== Exercise aim ==
Starting at the line that has "London Midland Trains" and stopping after the line that has "Monique Lescura's podcast", reproduce the listing below exactly; omit everything else.

== Data listing ==
◆ ◆ ◆ ◆ ◆ ◆ ◆
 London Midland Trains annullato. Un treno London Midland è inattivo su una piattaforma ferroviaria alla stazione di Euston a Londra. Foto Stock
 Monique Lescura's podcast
◆ ◆ ◆ ◆ ◆ ◆ ◆
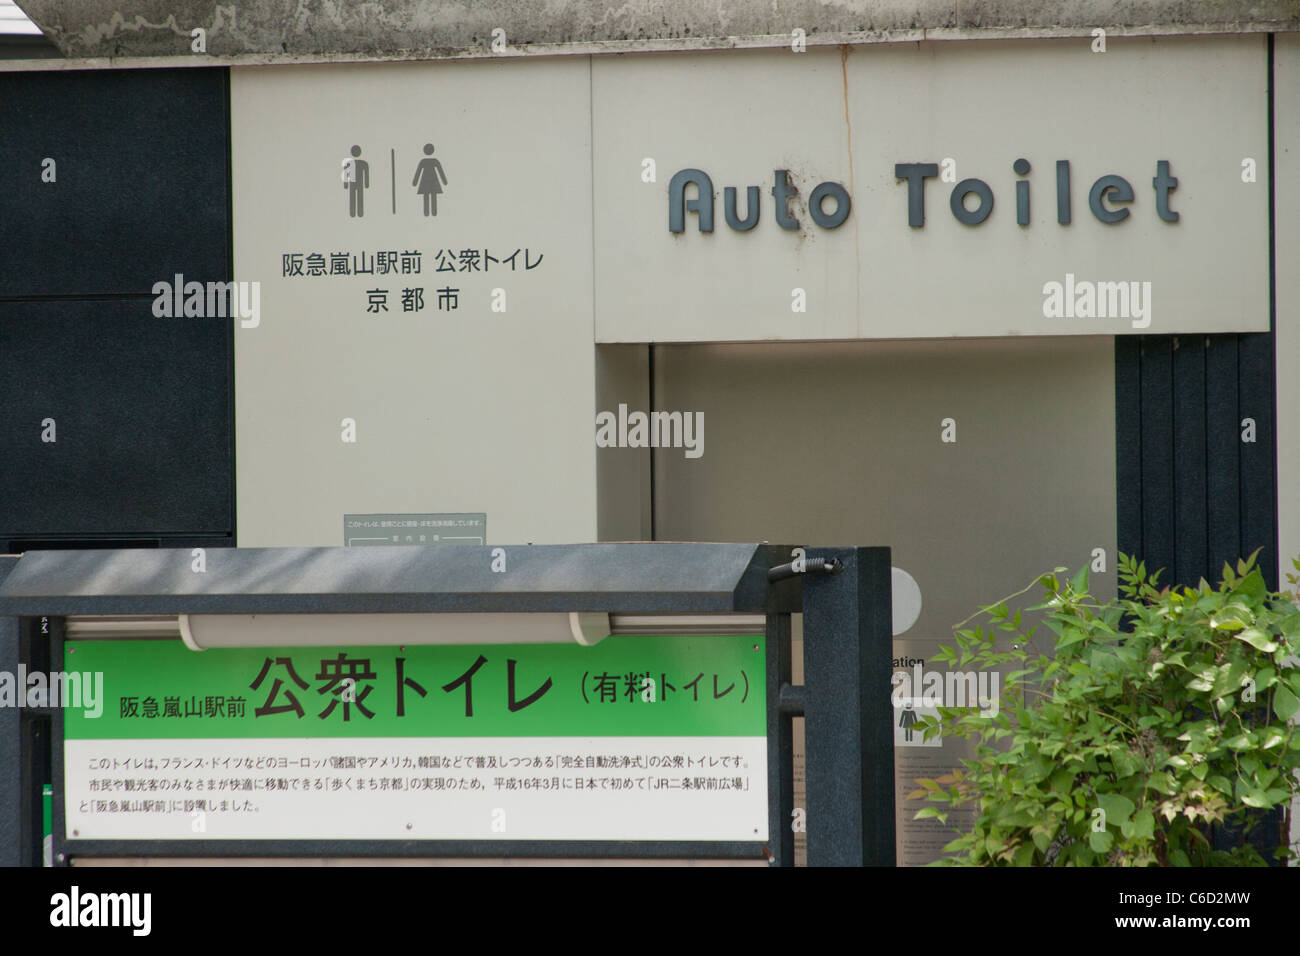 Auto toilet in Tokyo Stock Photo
◆ ◆ ◆ ◆ ◆ ◆ ◆
== Expected answer ==
 London Midland Trains annullato. Un treno London Midland è inattivo su una piattaforma ferroviaria alla stazione di Euston a Londra. Foto Stock
 Monique Lescura's podcast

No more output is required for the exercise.